Python HTTP Agent Parser

http://pypi.python.org/pypi/httpagentparser/

MIT License

222 stars 55 forks source link

Improper parsing for Windows NT #4

Closed brunobraga closed 13 years ago

brunobraga commented 13 years ago

Hei Shon,

First of all, thanks for sharing this! I was looking for an agent parser, and found out your lib in python.org.

I don't know if you are aware of this or not, but I was running some tests and found some inconsistent parsing on the following user-agent:

import httpagentparser s = "Mozilla/5.0 (Windows NT 5.1) AppleWebKit/534.24 (KHTML, like Gecko) Chrome/11.0.696.60 Safari/534.24" print httpagentparser.detect(s) {'os': {'version': 'NT 5.1) AppleWebKit/534.24 (KHTML, like Gecko) Chrome/11.0.696.60 Safari/534.24', 'name': 'Windows'}, 'browser': {'version': '11.0.696.60', 'name': 'Chrome'}}

My computer is running Windows XP SP3, using Chrome 11.0.696.60. All other tests (Linux and Mac) went ok, just so you know.

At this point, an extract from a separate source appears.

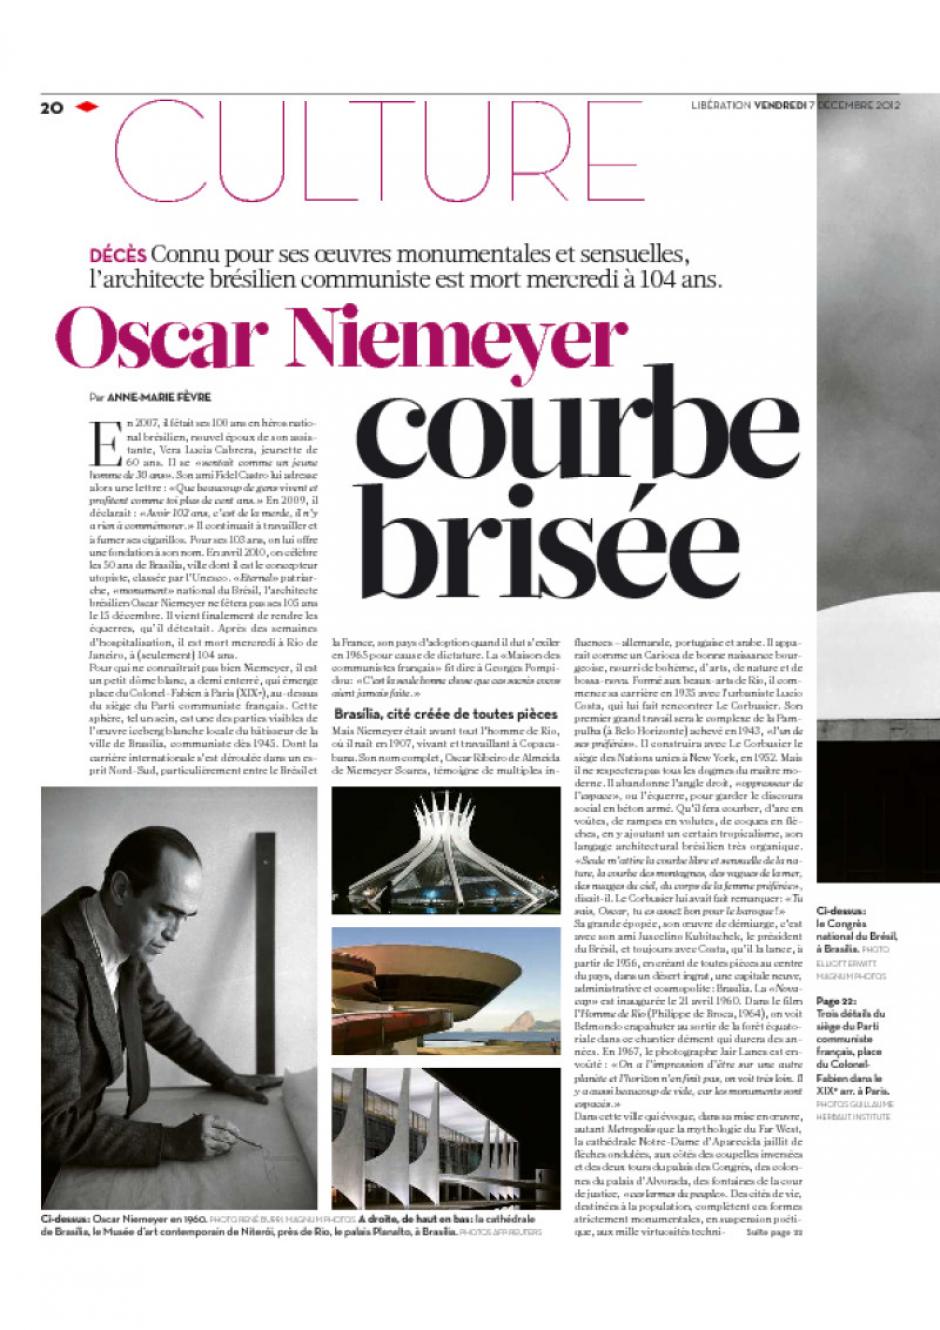 20121207-Libération-Oscar Niemeyer, courbe brisée

I took the liberty to write a patch for this, so I pulling it to your code later on.

Thanks,

brunobraga commented 13 years ago

Maybe a good idea would be to use a site like: http://www.useragentstring.com/pages/Browserlist/ to fully execute a unit-test on this (maybe in a separate test.py file).

shon commented 13 years ago

Thanks brunobraga for reporting this and sure a patch is welcome. Bit busy atm, but will think about your other idea about test.py or may be you can contribute if possible.

brunobraga commented 13 years ago

Commited. https://github.com/brunobraga/httpagentparser/commit/13ee456d6976ad996822bfdc22f49cfc36033878

This issue is covered in line 195:

-        return agent.split('Windows')[-1].split(';')[0].strip()
+        temp = agent.split('Windows')[-1]
+        if temp.find(";") > -1:
+            return temp.split(';')[0].strip()
+        else:
+            return temp.split(')')[0].strip()

brunobraga commented 13 years ago

Hei shon,

I was looking more carefully at the web-site from previous comment, and found they have an API... http://www.useragentstring.com/?getJSON=all

Although we can not rely on third-party for a lib, it may be a nice approach to avoid handling all weird cases out there.

shon commented 13 years ago

Hi brunobraga,

New version with this fix is now available on pypi. Your suggestion about useragentstring.com is useful, thanks. Rightnow I am busy into some other things so will think about it later. Or better if somebody volunteers for it.

Cheers!